Executive shall not pay such claim prior to the expiration of the thirty (30) days period following
the date on which it gives such notice to the Company (or such shorter period ending on the date
that any payment of taxes with respect to such claim is due). If the Company notifies Executive in
writing prior to the expiration of such period that it desires to contest such claim, Executive
shall: (i) give the Company all information reasonably requested by the Company relating to such
claim; (ii) take such action in connection with contesting such claim as the Company shall
reasonably request in writing from time to time, including, without limitation, accepting legal
representation with respect to such claim by an attorney reasonably selected by the Company and
ceasing all efforts to contest such claim; (iii) cooperate with the Company in good faith in order
to effectively contest such claim; and (iv) permit the Company to participate in any proceeding
relating to such claim; provided, however, that the Company shall bear and pay
directly all reasonable costs and expenses (including additional interest and penalties) incurred
in connection with such contest and shall indemnify and hold Executive harmless, on an after-tax
basis, from any Excise Tax or income tax (including interest and penalties with respect thereto)
imposed as a result of such representation and payment of costs and expense.
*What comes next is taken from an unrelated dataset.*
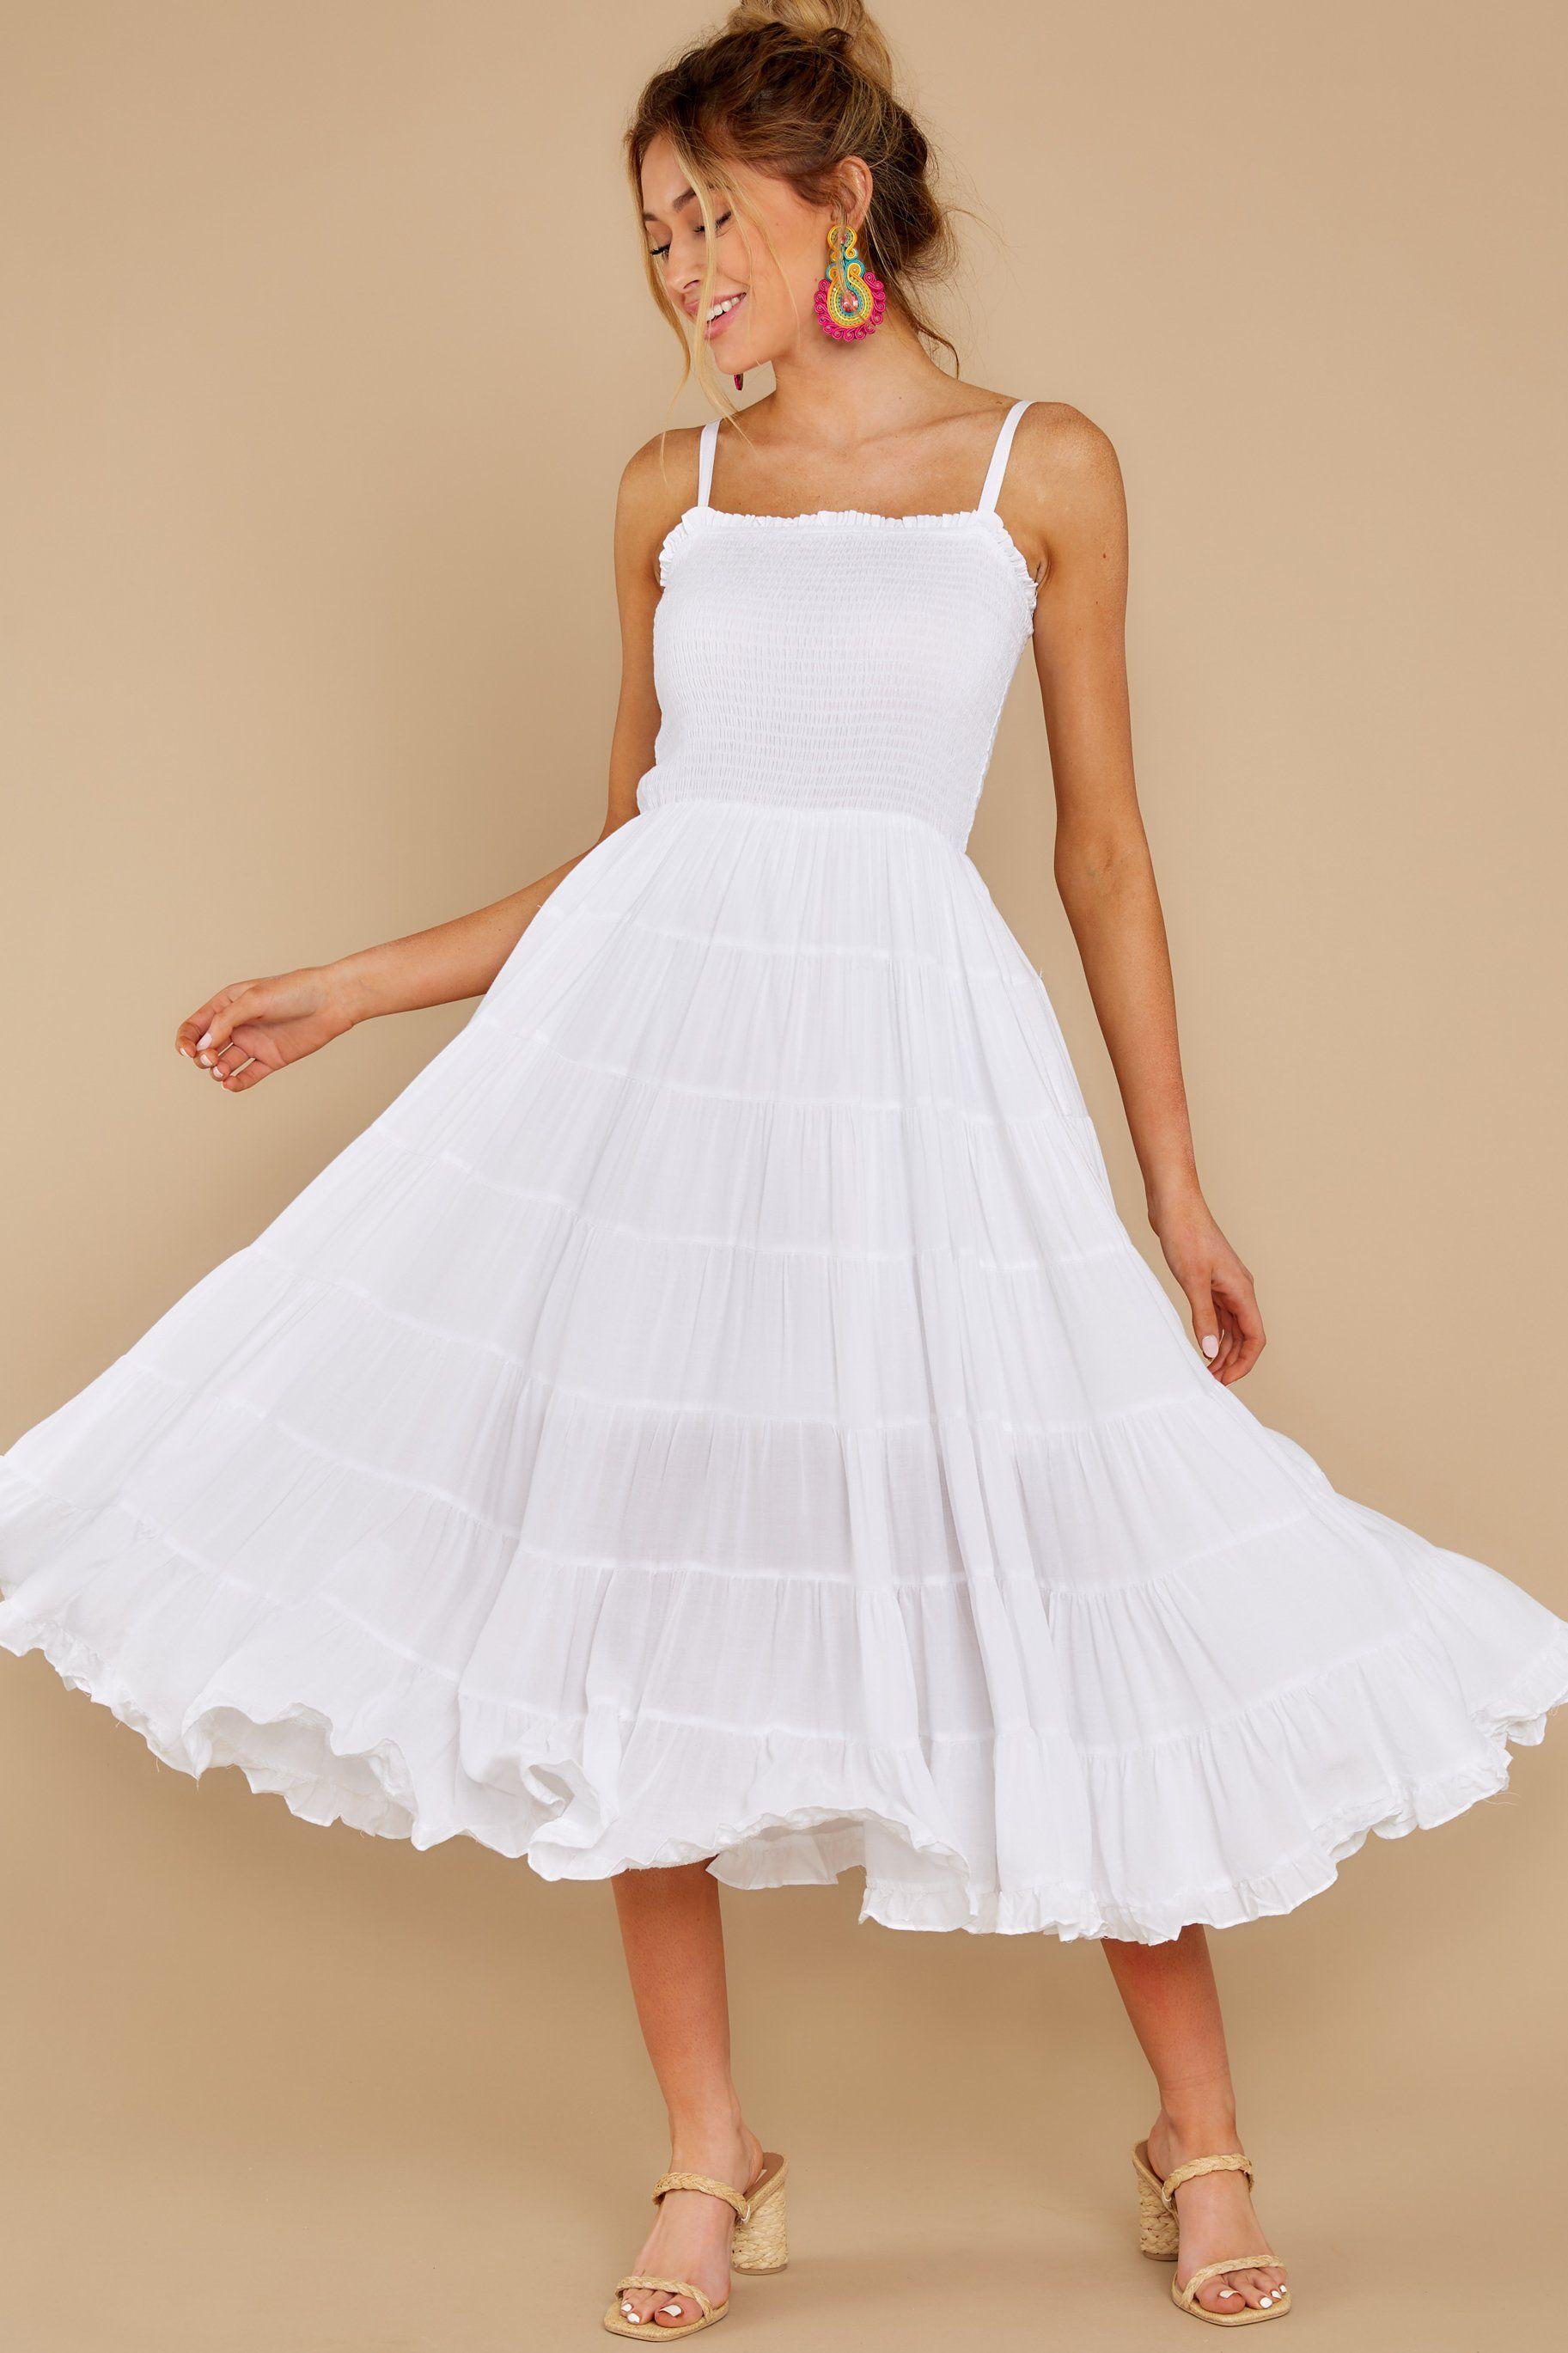 Something To Say White Midi Dress In 2020 White Midi Dress Red Midi Dress Midi Dress

Without limiting the
foregoing provisions of this Schedule A, the Company shall control all proceedings taken in
connection with such contest and, at its sole option, may pursue or forego any and all
administrative appeals, proceedings, hearings and conferences with the taxing authority in respect
of such claim and may, at its sole option, either direct Executive to pay the tax claimed and xxx
for a refund or contest the claim in any permissible manner, and Executive agrees to prosecute such
contest to a determination before any administrative tribunal, in a court of initial jurisdiction
and in one or more appellate courts, as the Company shall determine and direct; provided,
however, that if the Company directs Executive to pay such claim and xxx for a refund, the
Company shall, to the extent permitted by law, advance the amount of such payment to Executive, on
an interest-free basis, and shall indemnify and hold Executive harmless, on an after-tax basis,
from any Excise Tax or income tax (including interest or penalties with respect thereto) imposed
with respect to such advance or with respect to any imputed income with respect to such advance;
and further provided that any extension of the statute of limitations relating to payment of taxes
for Executive’s taxable year with respect to which such contested amount is claimed to be due is
limited solely to such contested amount. Furthermore, the Company’s control of the contest shall
be limited to issues with respect to which a Gross-Up Payment would be payable hereunder and
Executive shall be entitled to settle or contest, as the case may be, any other issue raised by the
Internal Revenue Service or any other taxing authority.
4. If, after Executive’s receipt of an amount advanced by the Company pursuant to this
Schedule A, Executive becomes entitled to receive any refund with respect to such claim, Executive
shall promptly pay to the Company the amount of such refund (together with any interest paid or
credited thereon after taxes applicable thereto). If, after Executive’s receipt of an amount
advanced by the Company pursuant to this Schedule A, a determination is made that Executive shall
not be entitled to any refund with respect to such claim and the Company does not notify Executive
in writing of its intent to contest such denial of refund prior to the expiration of thirty (30)
days after the Company’s receipt of notice of such determination, then such advance shall be
forgiven and shall not be required to be repaid and the amount of such advance shall offset, to the
extent thereof, the amount of Gross-Up Payment required to be paid.
5. Notwithstanding anything to the contrary contained herein, in no event shall any payment be
made pursuant to this Schedule A after the end of Executive’s taxable year next following
Executive’s taxable year in which Executive remits any related taxes to the IRS.